▶ What is being asked
Nothing except the pictures should be left out when you reproduce the listing exactly.

▶ Material provided
• • • • •

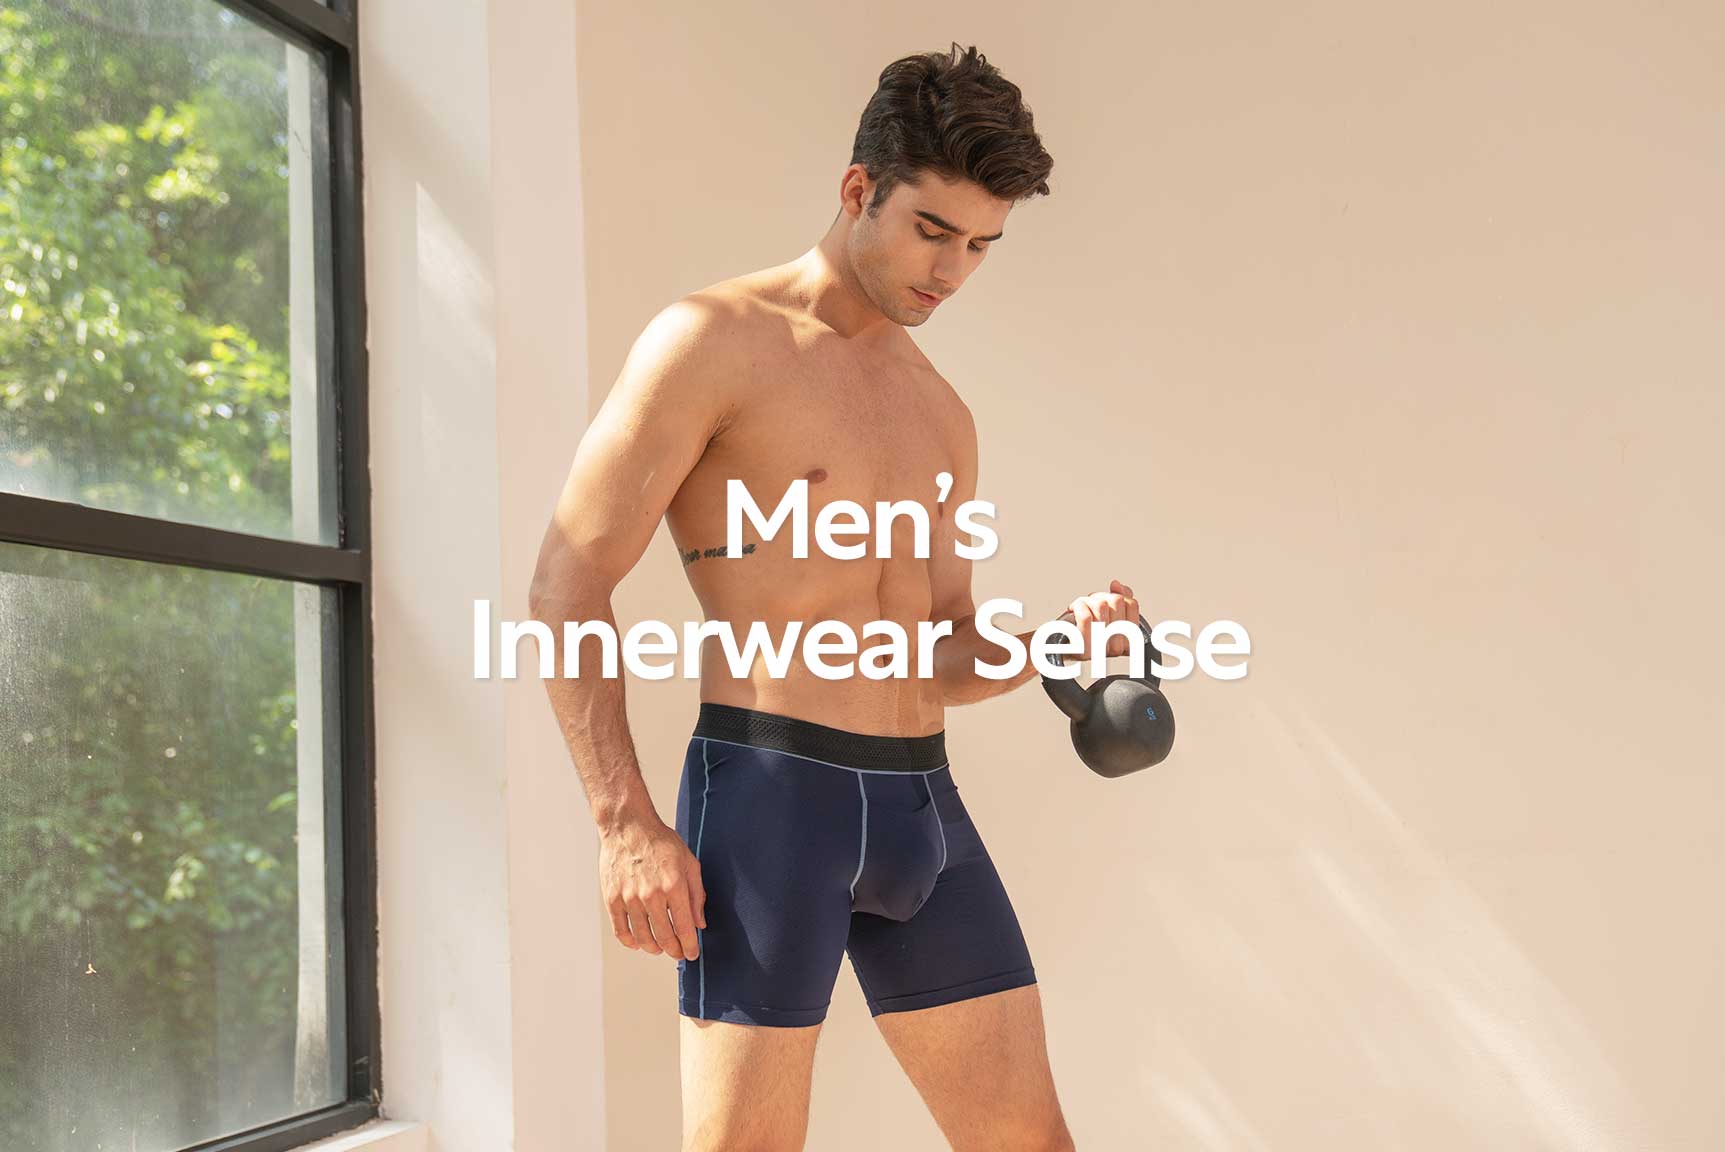 STEP ONE Mens Underwear Boxer Briefs - Underwear for Men, Moisture-Wicking,  3D Pouch + No Ride Up Boxer Briefs for Men, Mens Boxers Briefs at   Men's Clothing store
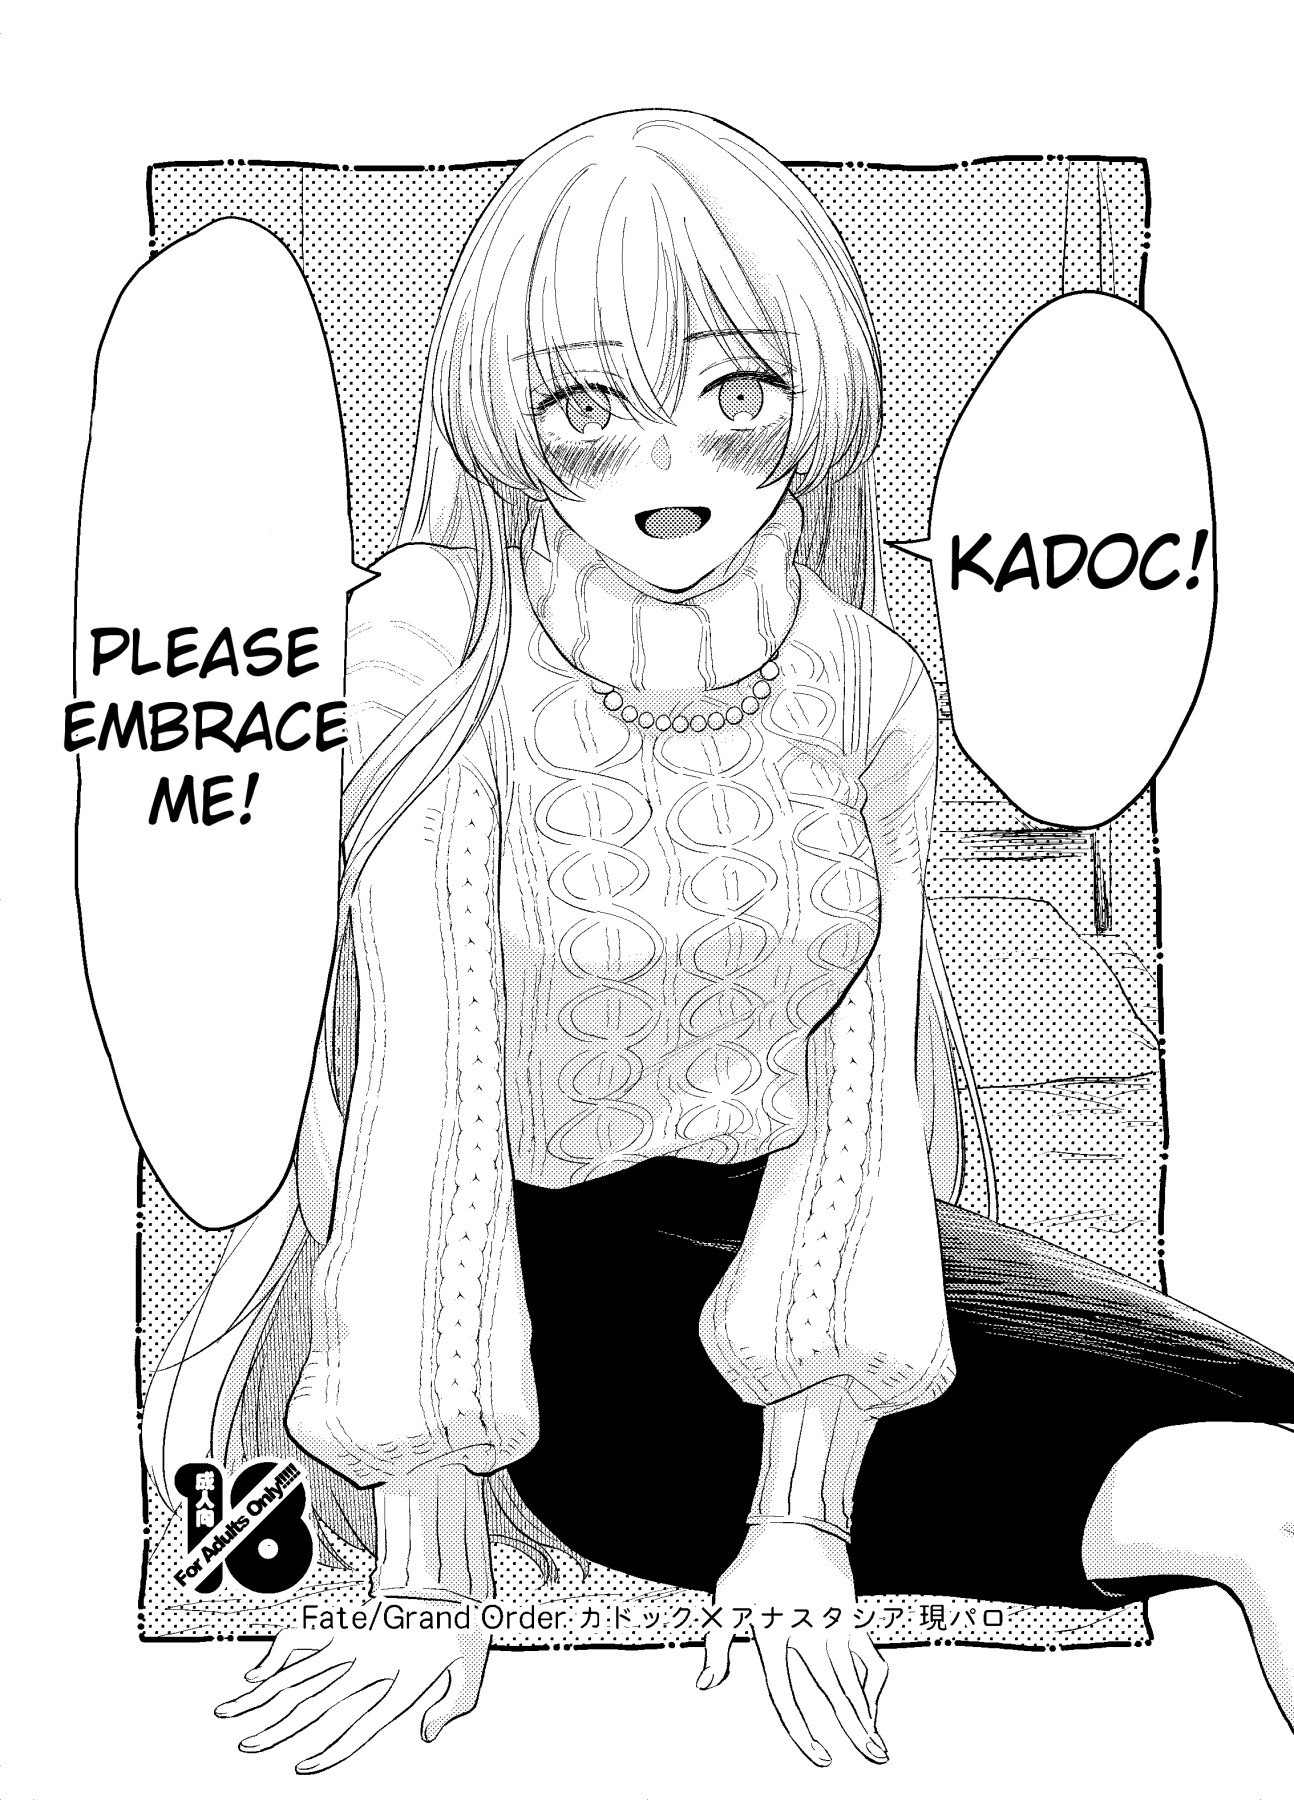 Hentai Manga Comic-Kadoc, Please Embrace Me!-Read-1
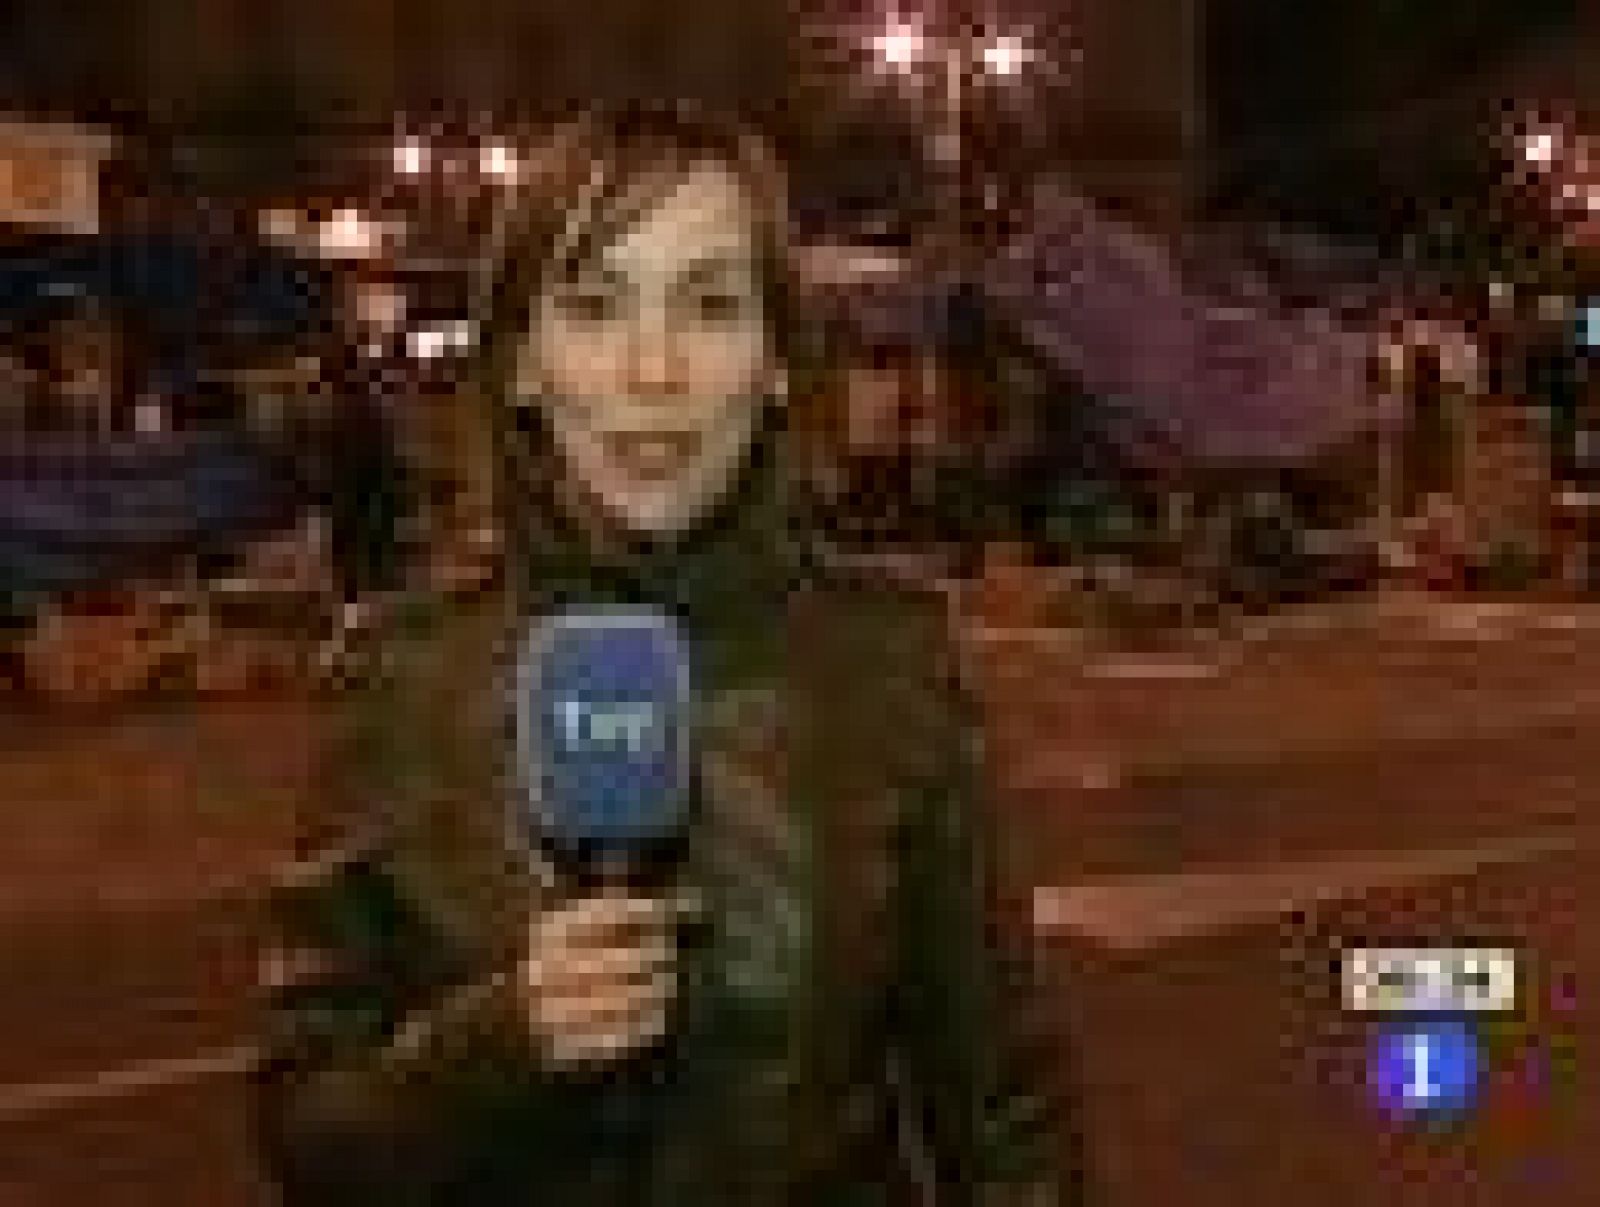  Más de mil personas han vuelto a acampar durante la madrugada de este miércoles en la madrileña Puerta del Sol su protesta pacífica para pedir una "democracia real" y la mejora de las condiciones de vida. Las acampadas nocturnas empiezan a extenderse cada vez a más ciudades

• • • • •

▶ Result
 STEP ONE Mens Underwear Boxer Briefs - Underwear for Men, Moisture-Wicking,  3D Pouch + No Ride Up Boxer Briefs for Men, Mens Boxers Briefs at   Men's Clothing store
 Hentai Manga Comic-Kadoc, Please Embrace Me!-Read-1
  Más de mil personas han vuelto a acampar durante la madrugada de este miércoles en la madrileña Puerta del Sol su protesta pacífica para pedir una "democracia real" y la mejora de las condiciones de vida. Las acampadas nocturnas empiezan a extenderse cada vez a más ciudades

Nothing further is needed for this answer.